● WORK INSTRUCTIONS
The records that follow are to be printed exactly, with no images.

Stored data entries:

- Opening Delimiter -

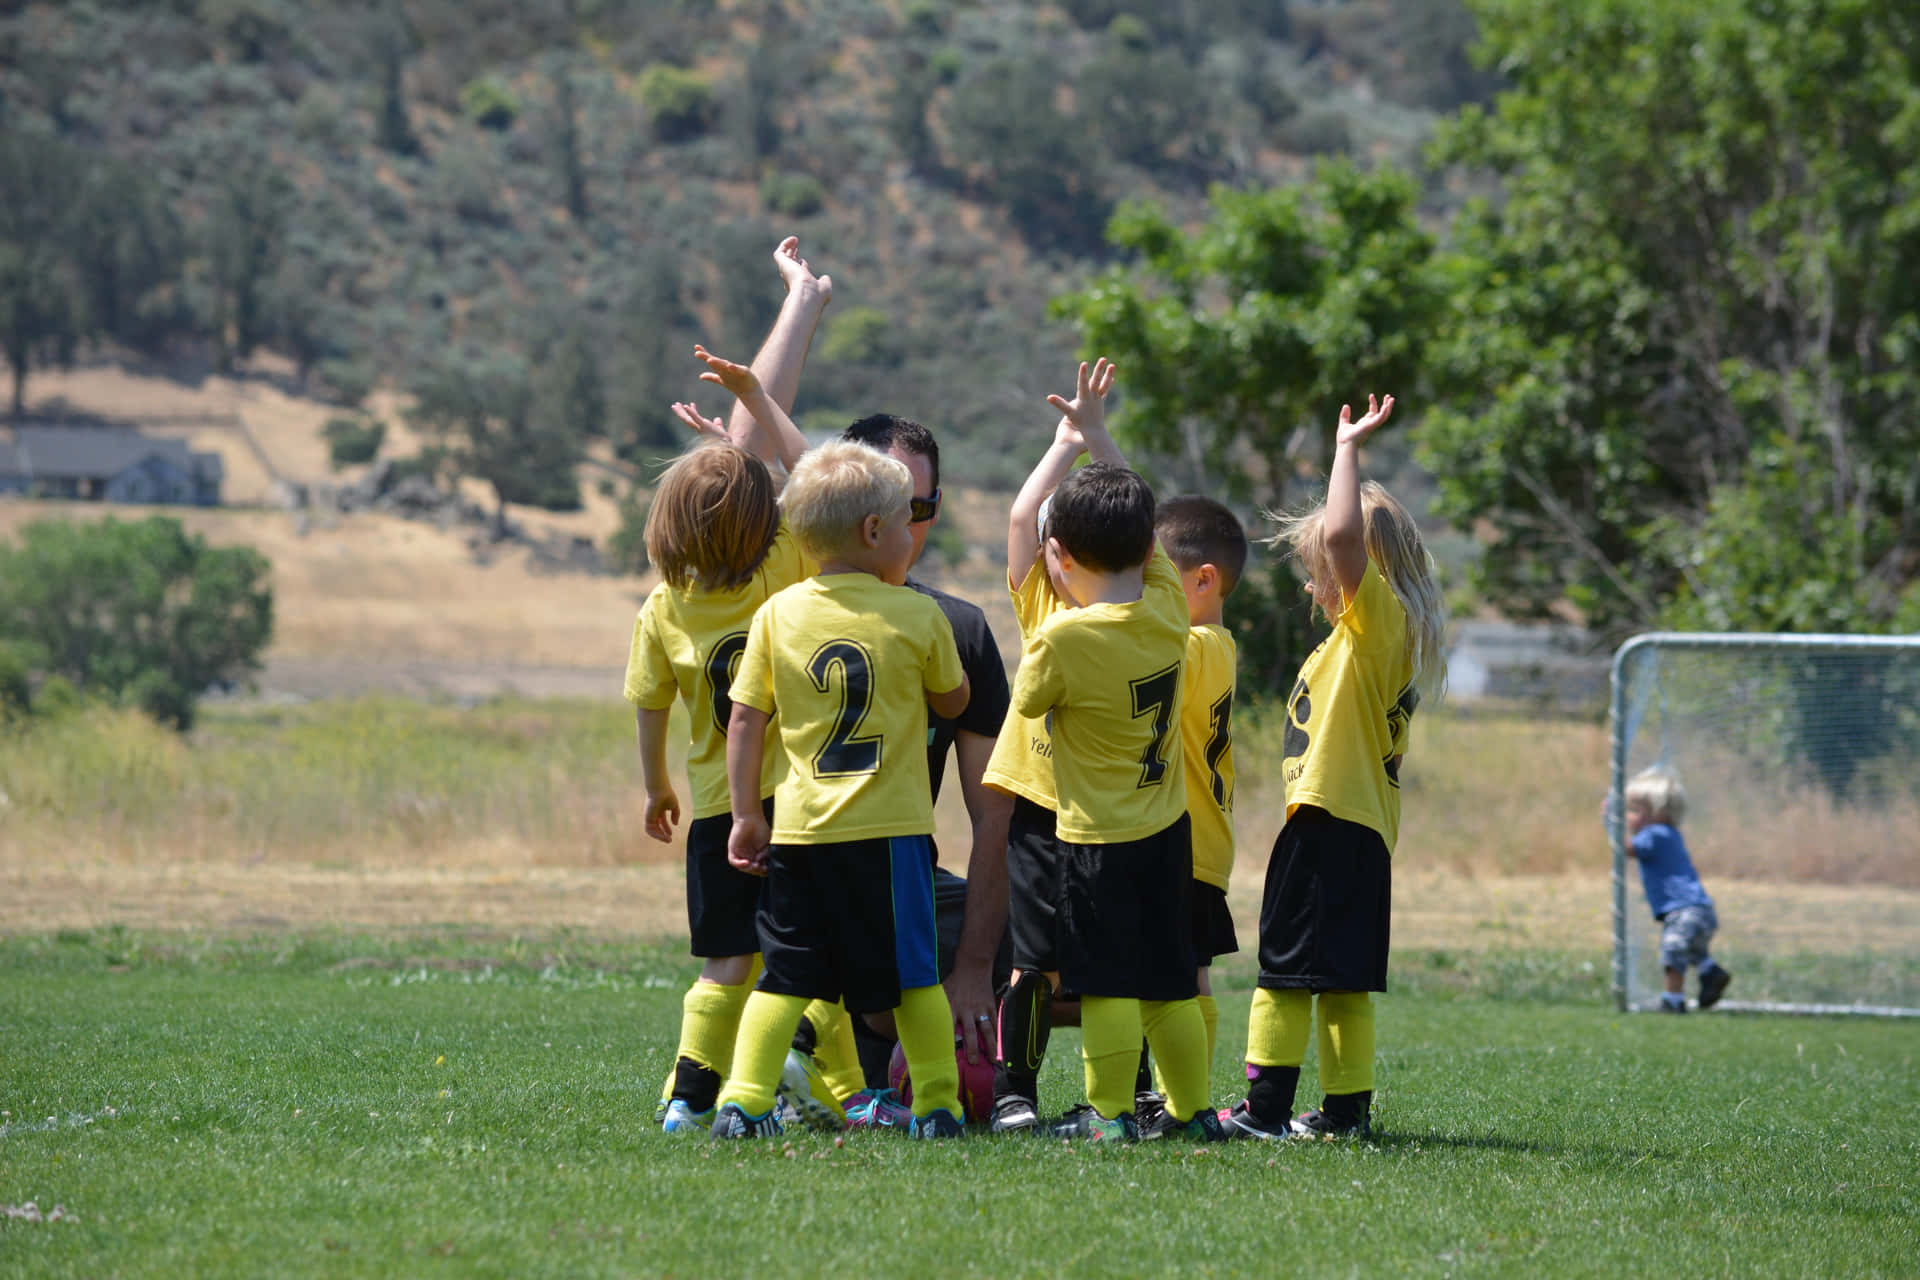 A Group Of Kids Playing Soccer
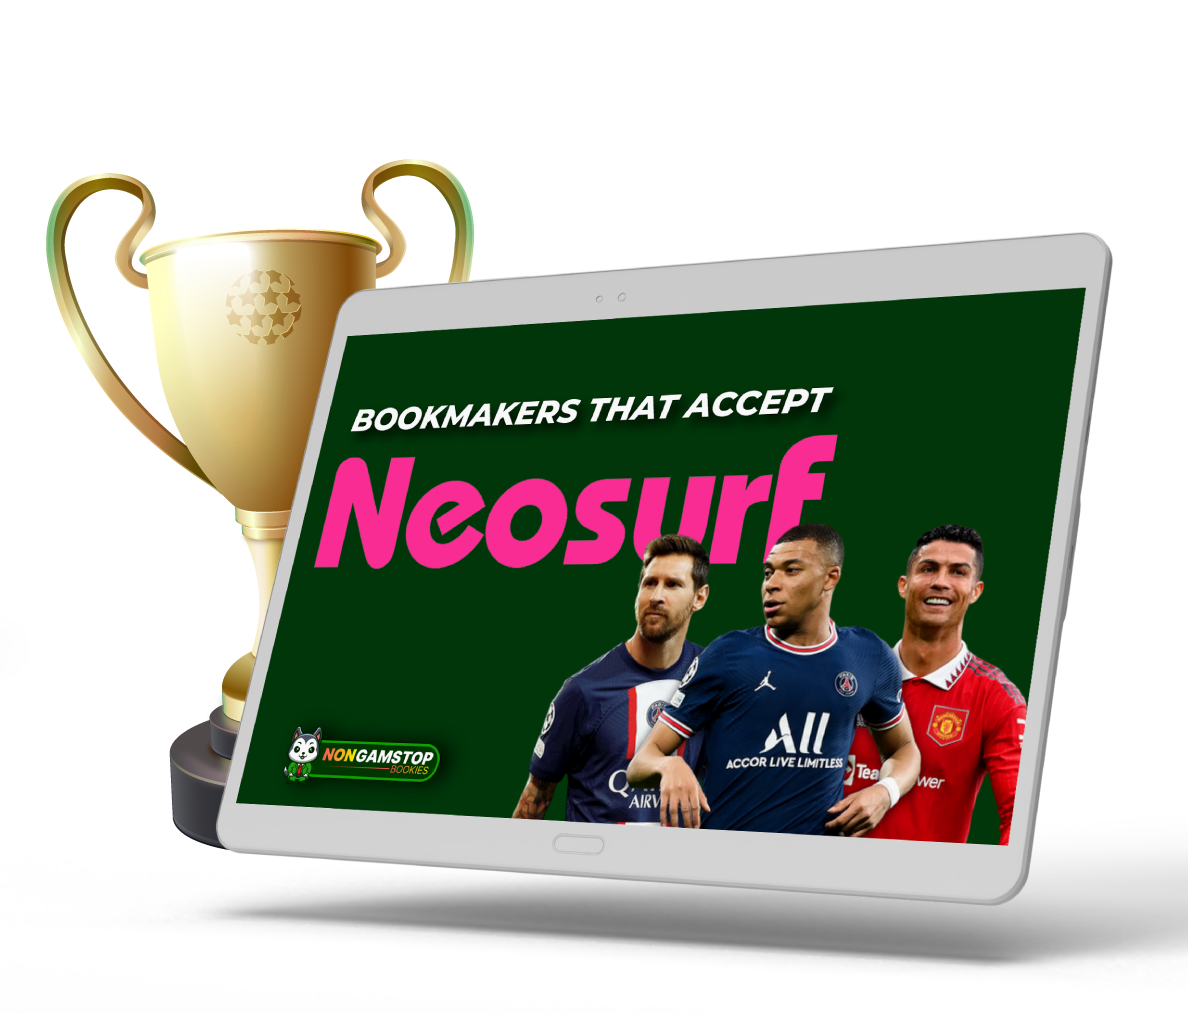 Bookmakers That Accept Neosurf
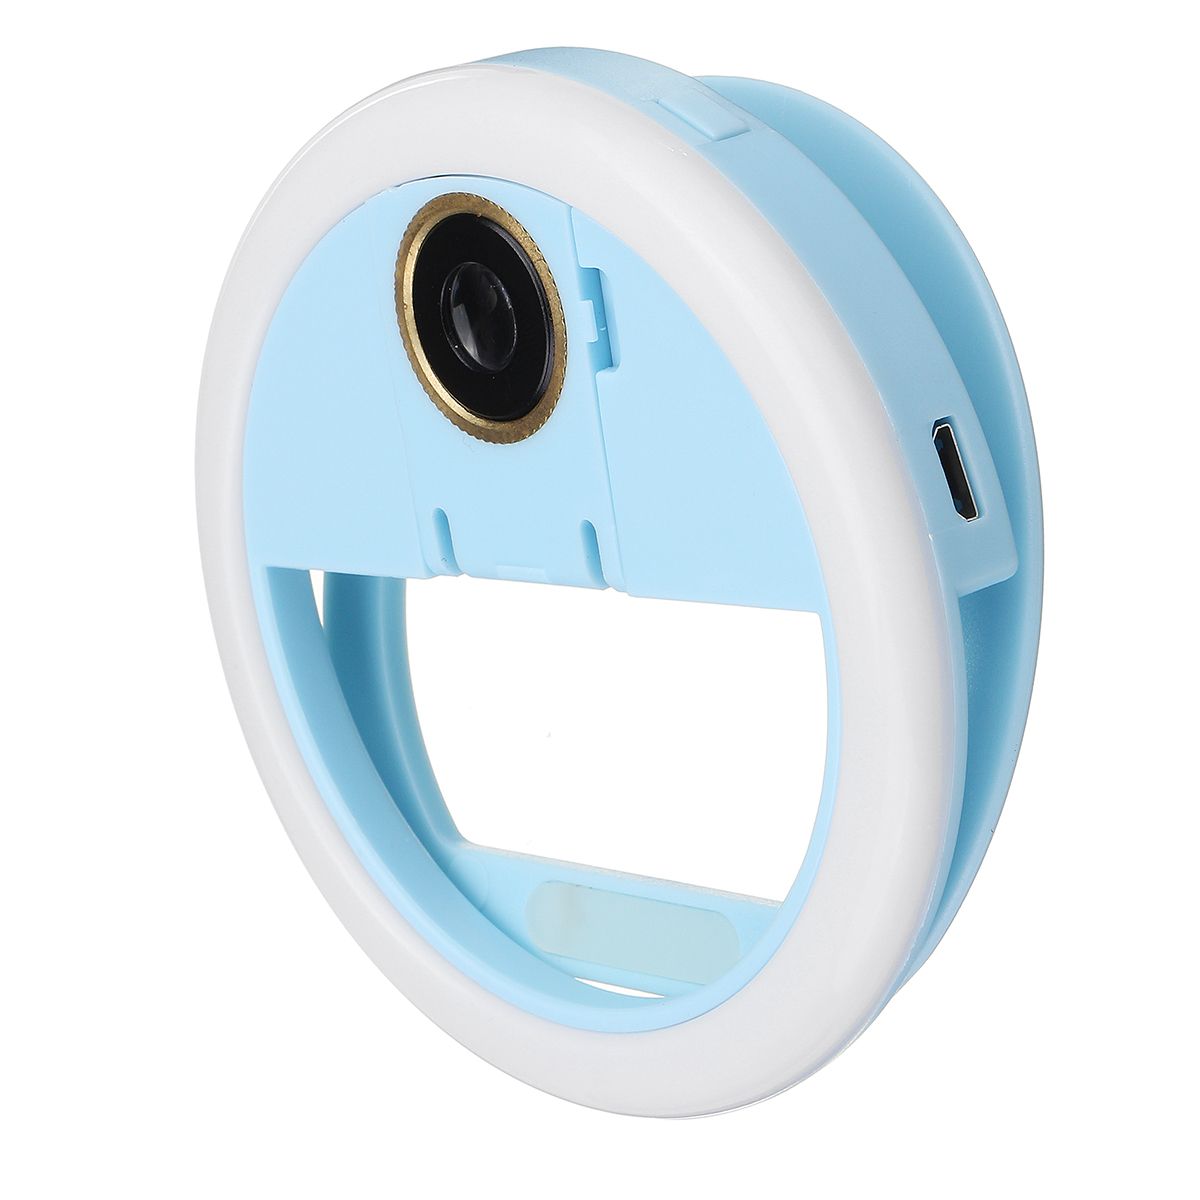 Universal-Selfie-LED-Ring-Flash-063x-Wide-Angle-Macro-Phone-External-Lens-Camera-for-Cell-Phone-1633420
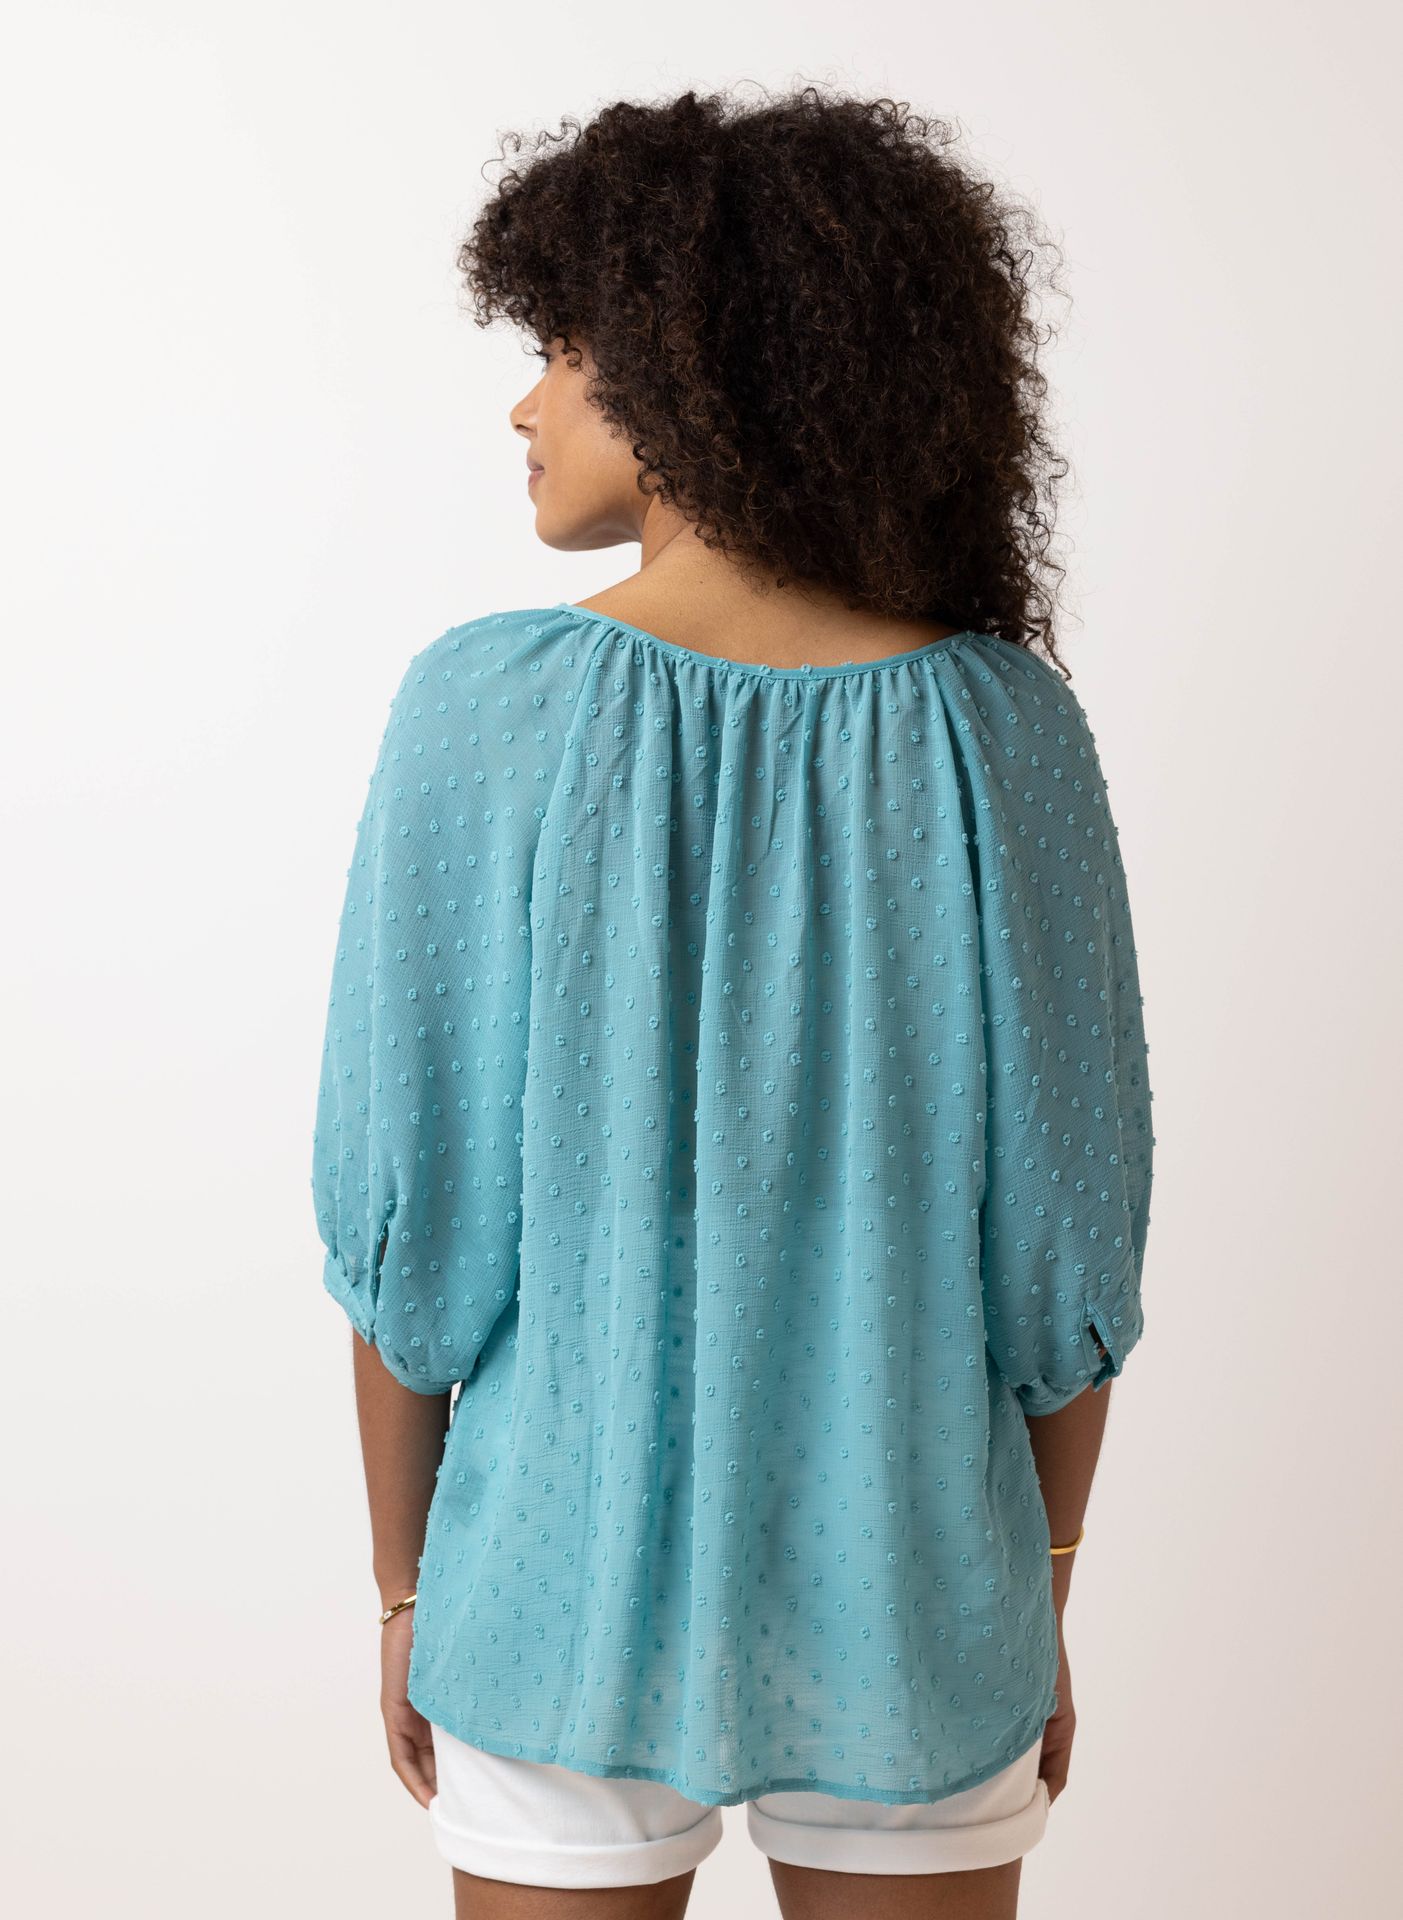 Norah Blouse turquoise turquoise 212787-475
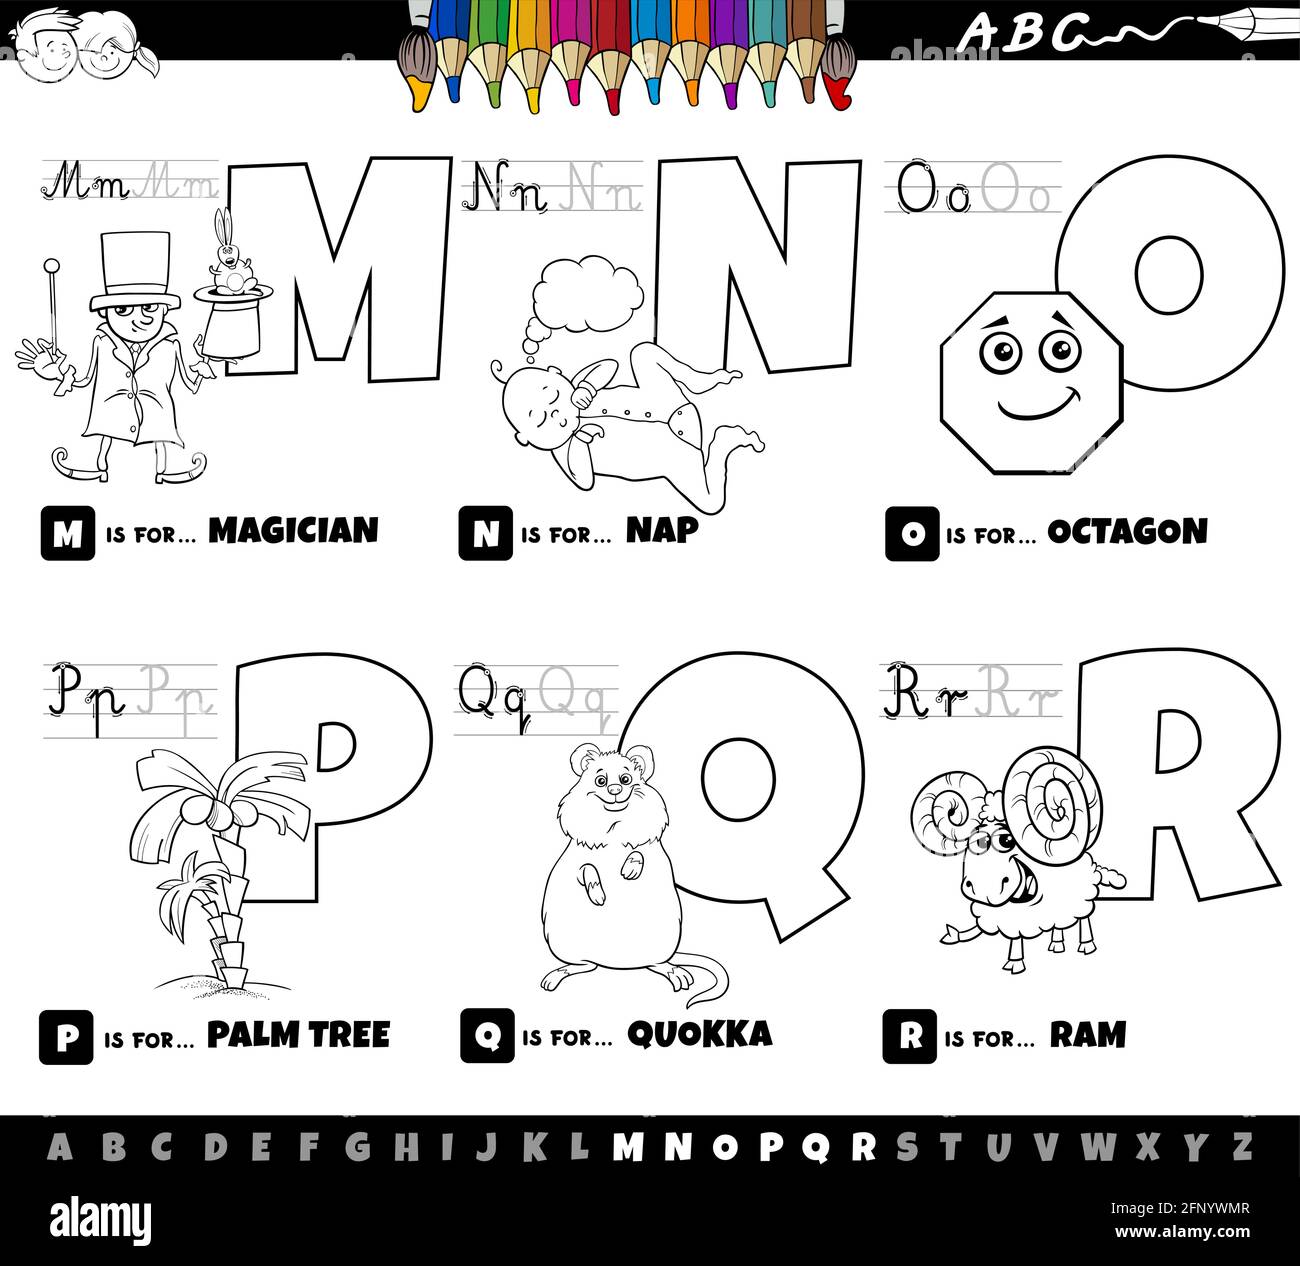 Black and white cartoon illustration of capital letters from alphabet educational set for reading and writing practise for children from M to R colori Stock Vector

- Closing Delimiter -

● RESULT OF THIS EXERCISE
 A Group Of Kids Playing Soccer
 Bookmakers That Accept Neosurf
 Universal-Selfie-LED-Ring-Flash-063x-Wide-Angle-Macro-Phone-External-Lens-Camera-for-Cell-Phone-1633420
 Norah Blouse turquoise turquoise 212787-475
 Black and white cartoon illustration of capital letters from alphabet educational set for reading and writing practise for children from M to R colori Stock Vector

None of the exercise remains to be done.